We understand that pet emergencies can be a frightening and emotional experience. There’s plenty of misinformation out there – so we’d like to clear up some common misconceptions about how the Community Safety Unit operates.
MYTH 1: Fines are mandatory if your dog or cat is found wandering
If our Community Safety Team members find your pet wandering the streets, they will gladly return it to you.
Only serial escapees or animals that are found not registered and microchipped will be fined.
MYTH 2: It’s better to report wandering pets to Facebook without involving Council
Wrong. Animal thieves are known to target lost and found groups on social media.

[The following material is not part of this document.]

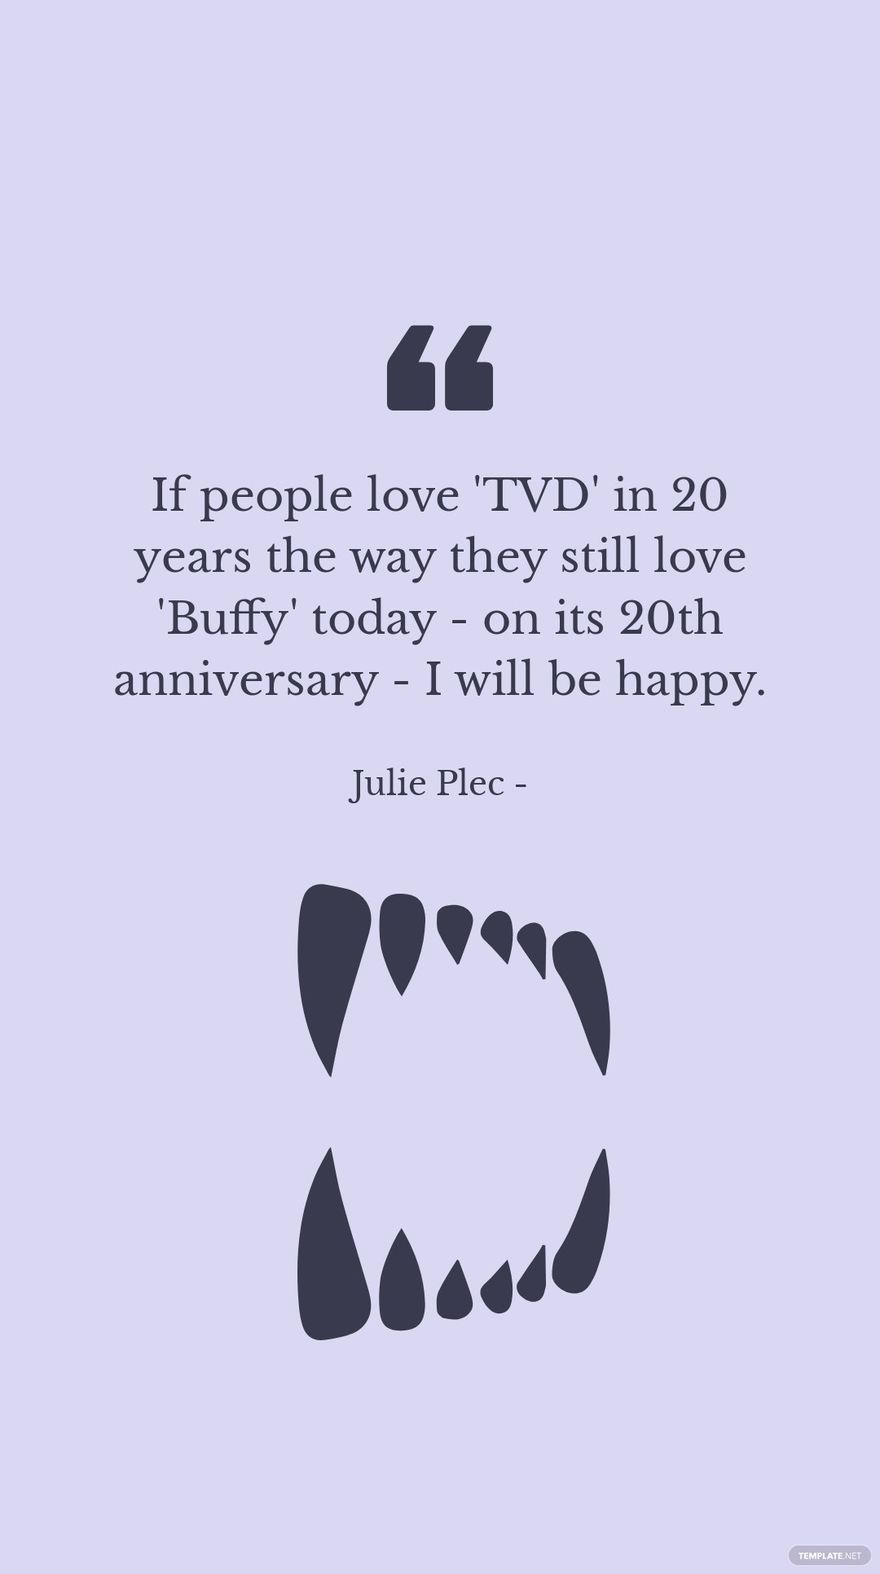 Julie Plec - If people love 'TVD' in 20 years the way they still love 'Buffy' today - on its 20th anniversary - I will be happy. in JPG

Also, when someone holds a wandering animal at their premises and posts it on Facebook they are actually doing a disservice to the pet and its owners.

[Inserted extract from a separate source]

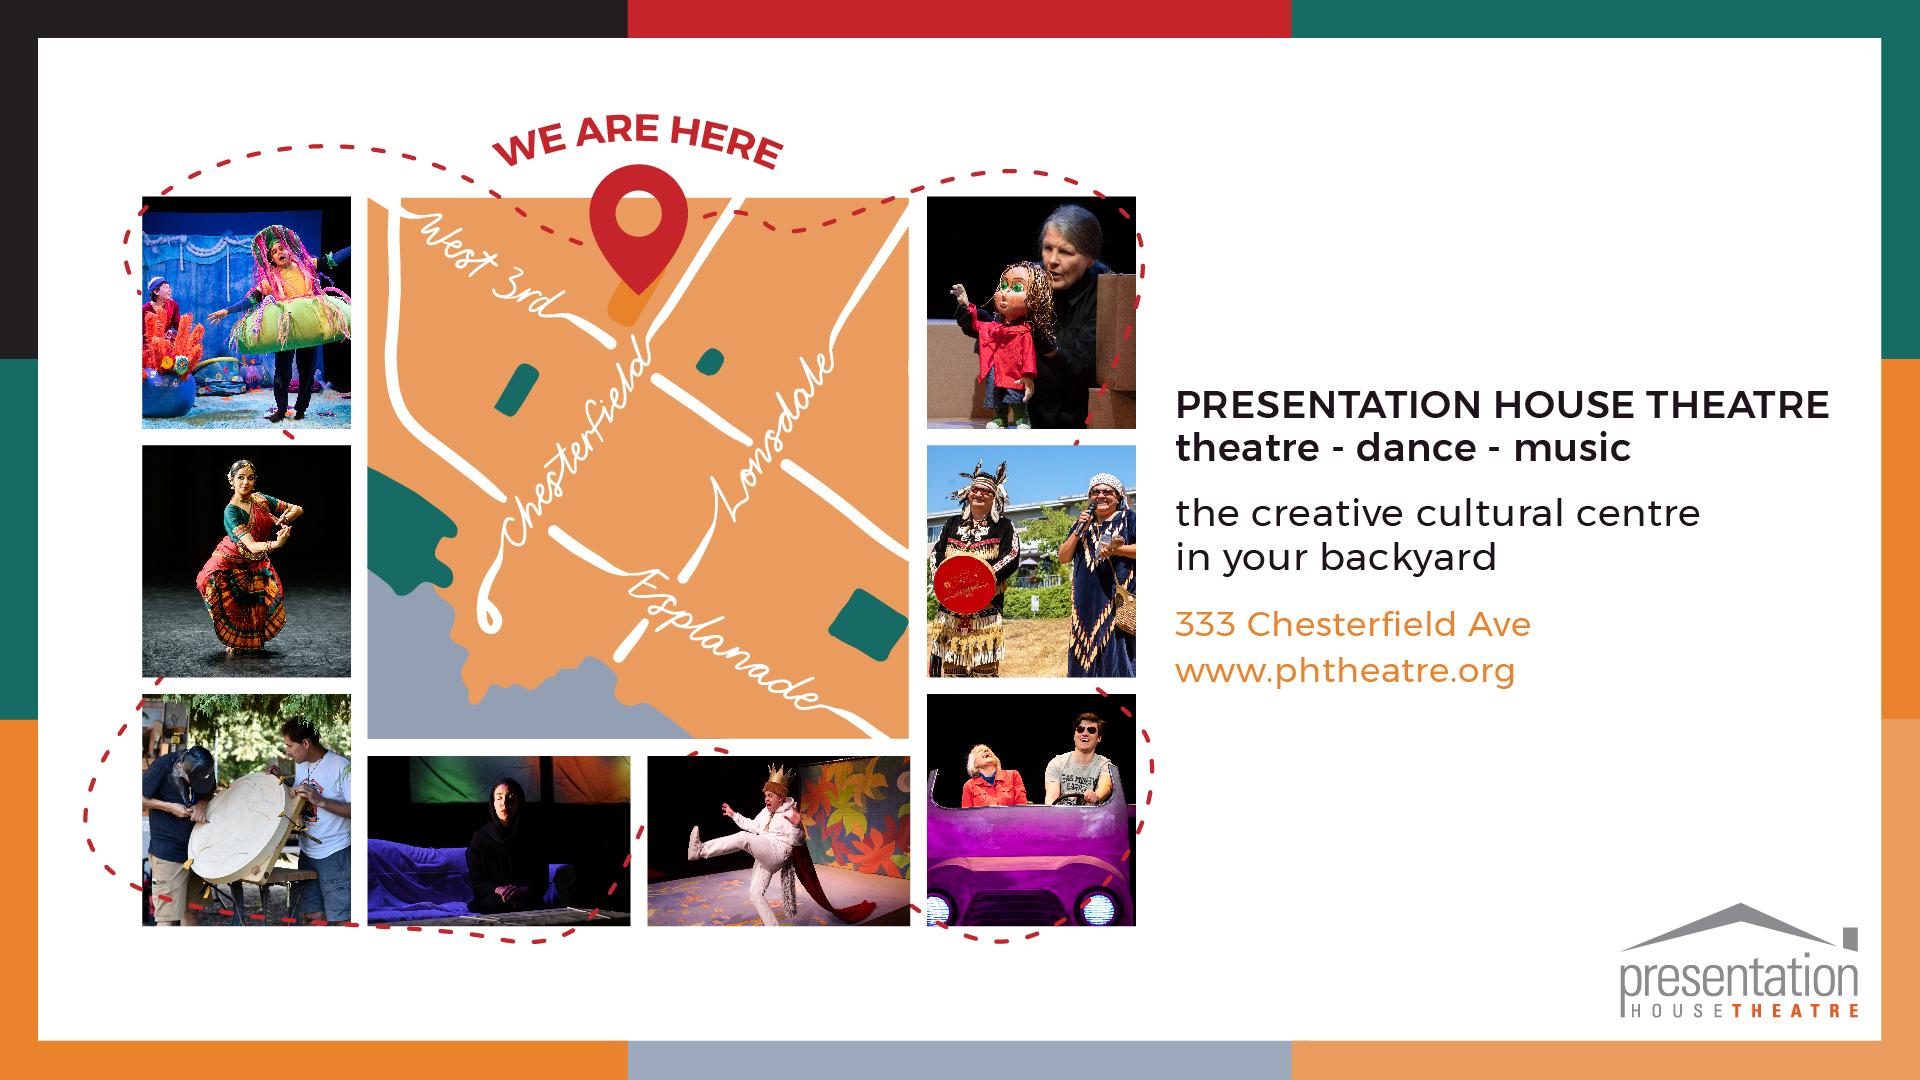 A banner image with the text: "Presentation House Theatre: theatre, dance, music" and below that, "the creative cultural centre in your backyard". Below that text is the street address, "333 Chesterfield Ave", and the web address, "www.phtheatre.org". The banner image includes the PHT logos and various photos of theatrical productions, community events, artwork, music, and dance.

In most cases, the owner will be out looking for the animal in public areas and may have already reported it missing to Council.

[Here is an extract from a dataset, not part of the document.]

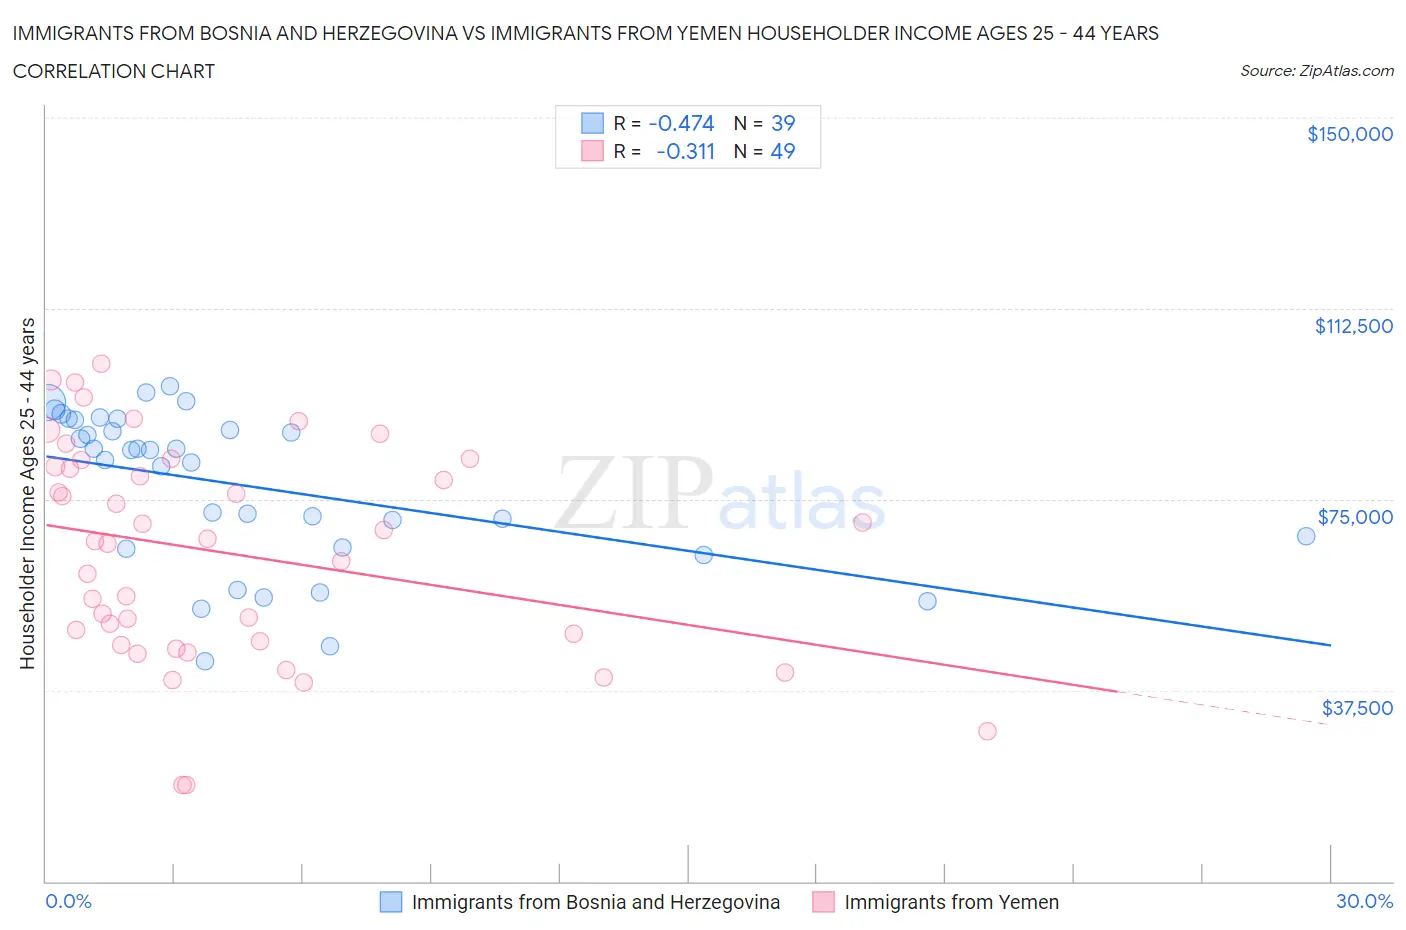 Immigrants from Bosnia and Herzegovina vs Immigrants from Yemen Householder Income Ages 25 - 44 years

The best thing to do is contain the animal and notify Council. The ranger can then scan for microchips and return the animal safely and quickly.
MYTH 3: The pound is overrun with neglected animals
Not at all. The percentage of dogs and cats that are returned to their owners or re-housed had increased considerably in recent years.
This is possible because the vast majority of animals are now microchipped.
If an animal is kept at the pound, it is usually because it is not microchipped and therefore Council is taking longer than usual to find its owners.
MYTH 4: Microchipping and registration are the same thing
No, they aren’t. The microchipping of an animal doesn’t mean it is registered.
Animal registration is state legislation, not a law created by Council. It is no different than a car registration in the fact that it is up to the owner to ensure the renewal is paid every 12 months.
Owners of domestic animals found to be unregistered, or which haven’t had their registration renewed, can be fined $330 per animal.
Likewise, it is an offence to have an animal in your possession that is not microchipped (Domestic Animals Act). This is separate to animal registration and can incur a separate infringement.
MYTH 5: Community Safety Officers are heavy handed
All of our officers are actually animal lovers and they play an active role in making sure that lost dogs and cats make it home safely.
They also work hard to find new homes for dogs and cats that are unregistered or whose owners cannot be found.